In order to be released from custody, he was required to sign an undertaking promising not to wear a mask or any disguise, not to possess any device designed to amplify his voice and to stay away from an address on 20th St. West.
"This is a way to shut me up," he told Windspeaker after he was released.
He said he was protesting against the actions of senior police officers in the city to draw attention to matters that were to be dealt with in the two legal actions.
The inquest into the death of Neil Stonechild, a 17-year-old Native youth who was found frozen to death on the outskirts of the city after last being seen in the back of a police car, started Sept. 3, as did the wrongful prosecution civil action launched by Peter Klassen, who served four years in jail after police bungled an investigation into fantastic allegations of sexual assault made against him by a troubled young boy. It was expected that the actions of members of the Saskatoon Police Service would come into question in both proceedings.
"They'll have to prove that I had intent to damage the liquor board. If they lost $5,000 I want to see the records that show how that day differed in comparison to other days. I'm going to put them under the microscope," said Melenchuk, who will represent himself in court. "These charges are going to get dropped. This is just until my court five months down the road; they're going to keep me shut up. That's how they use the system."
Melenchuk said it was "ridiculous" to state that he caused a loss of business of more than $5,000 during an 80-minute protest.
"An hour and 20 minutes and they say I caused $5,000 damage," he said. "That's 250 paying customers [who were prevented from entering the liquor store] at the minimum and probably way more than that. A lot of these people in this neighborhood panhandle for hours just to buy a bottle of Baby Duck. And the liquor store is kitty corner across the street from Little Chief. I'm not even in front of the store. I'm across the street."
He claimed he was later charged in relation to another protest at city hall, but the charge was thrown out.
He added that he had conducted more than 20 protests over the last three years and wondered why he hadn't been charged then.
Several legal sources, who asked not to be named, said the Criminal Code prohibition against wearing a mask while committing an indictable offense was designed to prevent criminals from escaping prosecution by hiding their identity.
Melenchuk is well-known to police in the city. He said the arresting officer called him by name when he approached the activist to inform him he was under arrest.
While Melenchuk said he believes the police have stretched the meaning of a couple of Criminal Code sections in an attempt to make trouble for him, Inspector Lorne Constantinoff, public affairs officer with the Saskatoon City Police, denied that charge.
"That is not the position of the police department at all. Mr.
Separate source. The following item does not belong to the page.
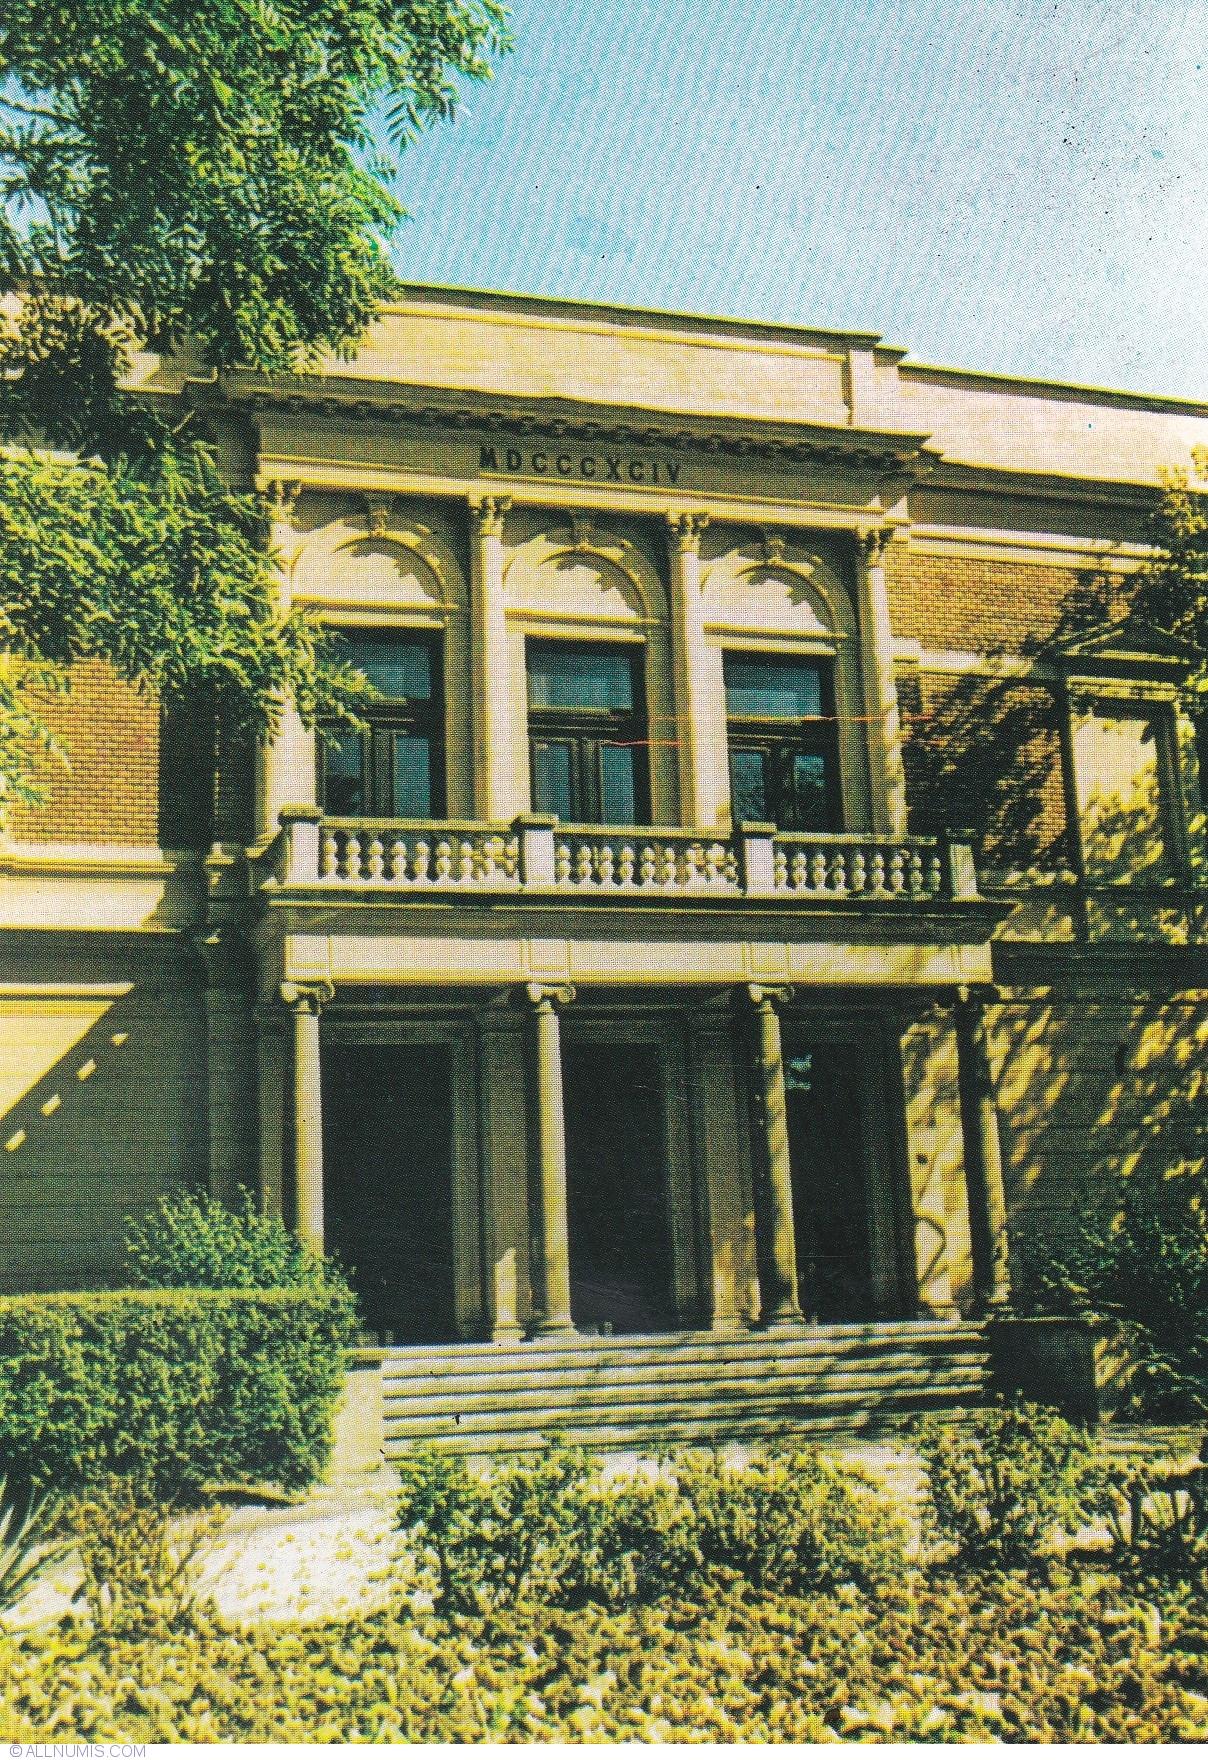 Muzeul de Istorie Naturală Sibiu, Muzeul de Istorie Naturală Sibiu - Romania - Carte poștală - 39722

Melenchuk has been protesting for quite some time and we've had conversations with him, indicated to him that when we act upon these things, it's not the police department acting on our own behalf. When it comes to charges like dsturbance, mischief, things like that, the police department is not the complainant. We receive the complaint from a concerned citizen. We evaluate the basis of their complaint and then interpret that to charges related in the Criminal Code," he said.